Kenneth E. Leonard, PhD, director of UB’s Clinical and Research Institute on Addictions and research professor of psychiatry, was interviewed about a faith-based program in Tennessee to retrain workers for new jobs and new lives after prison and addiction. Leonard said spirituality can help those trying to overcome addiction, but you “can’t just pray these problems away.” “We’ve known since the late 1960s that employment is a powerful predictor of low patterns of alcohol use and better responses to treatment. Similarly, some data suggests that when those addicted to opiates are stably employed and in a relationship with someone who doesn’t use drugs, the outcomes are better,” he said.
Daniel Antonius, PhD, associate professor of psychiatry and director of forensic psychiatry, is interviewed about a new YouTube series that faces backlash over the use of the term “sociopath”. Antonius said diagnosing antisocial personality disorder is an involved process that can take 12 hours or more of intimate interviews and extensive questionnaires. “There’s a negative connotation in this interaction,” he said. “There are people out there with personality disorder diagnoses who are successful, and doing good things in the world. This kind of language adds to the stigmatization rather than talking about mental health in a productive manner.”
In a story about mental health care inside the Erie County Holding Center, Erie County Commissioner of Mental Health Michael Ranney discussed reforms undertaken at the Holding Center, noting “one of the very positive things we did was establish a relationship with the university.” The story states that the county contracts with the Department of Psychiatry, which provides services at the holding center and Erie County Correctional Facility. The story quotes Daniel Antonius, PhD, assistant professor of psychiatry and director of the Division of Forensic Psychiatry, who said, “We see inmates sometimes within a day and sometimes within one to two weeks, so if you compared to the community standard — it's actually pretty quick because in the community you often wait two to three months before you’re seeing a psychiatrist.”

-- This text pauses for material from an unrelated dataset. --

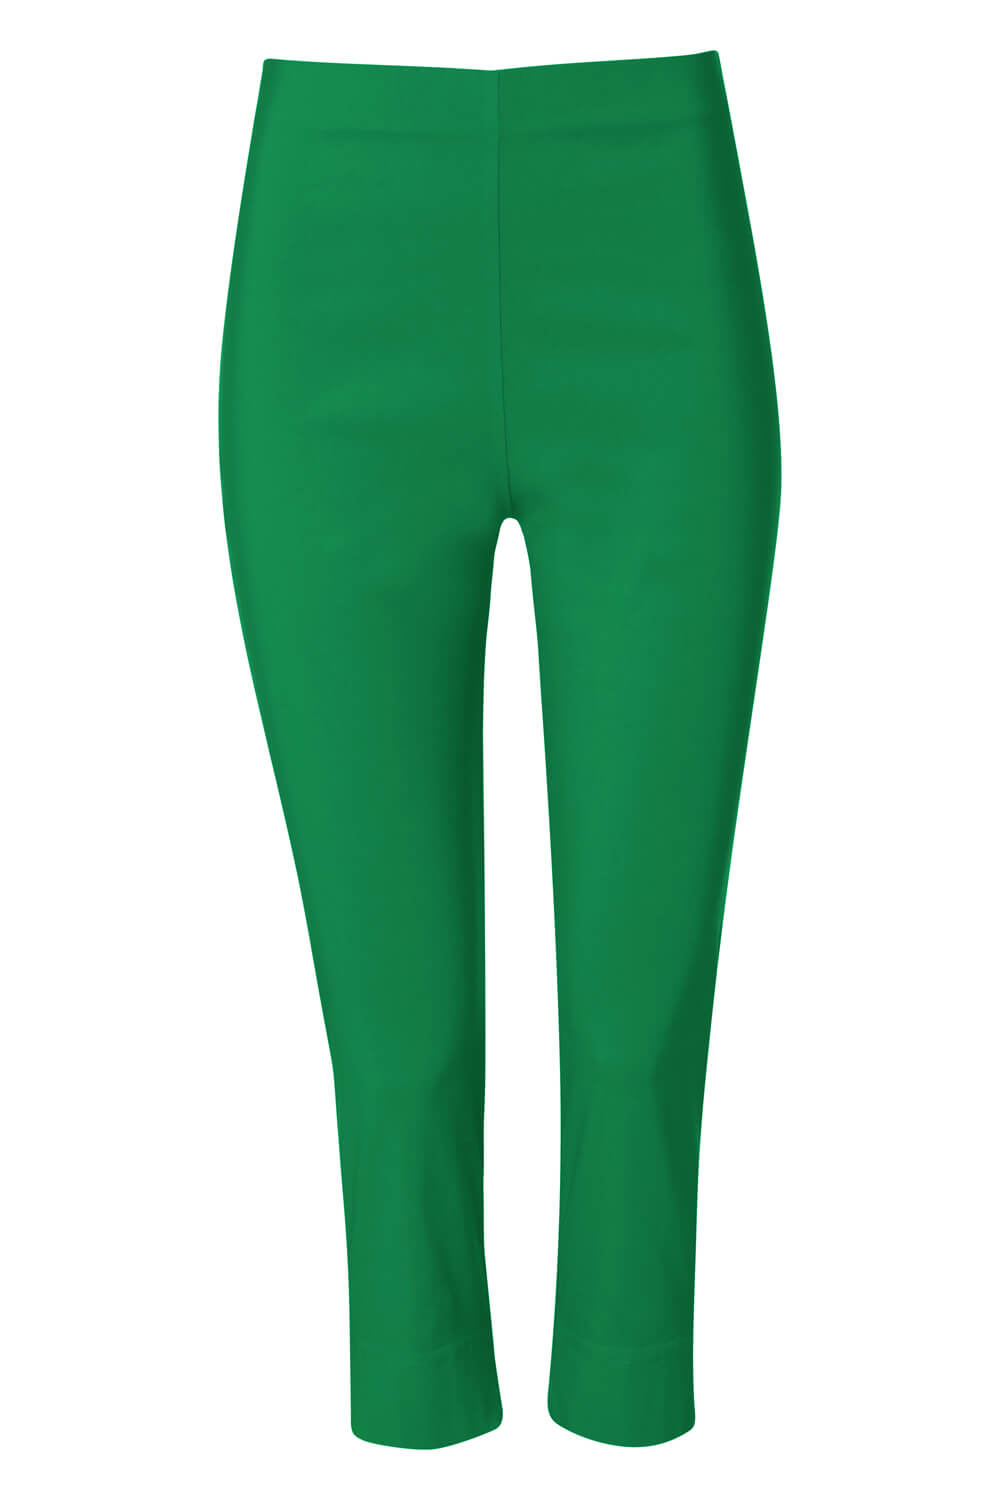 Cropped Stretch Trouser in Emerald Green - Roman Originals UK

A story on a dinner held by doctors and students from the Jacobs School of Medicine and Biomedical Sciences to talk about health care with community members from Buffalo’s East Side interviews Linda F. Pessar, MD, director of the Center for Medical Humanities and professor emerita of psychiatry. Pessar said that with the population becoming increasingly diverse, it’s important that doctors start listening and adapting. “The entrepreneurial private practitioner practicing at the community in which he or she lives and grew up is a fading idol,” she said. "If we don’t become responsive to community members, we will not practice the medicine we need and hope to practice, and it seems to me that’s the bottom line.”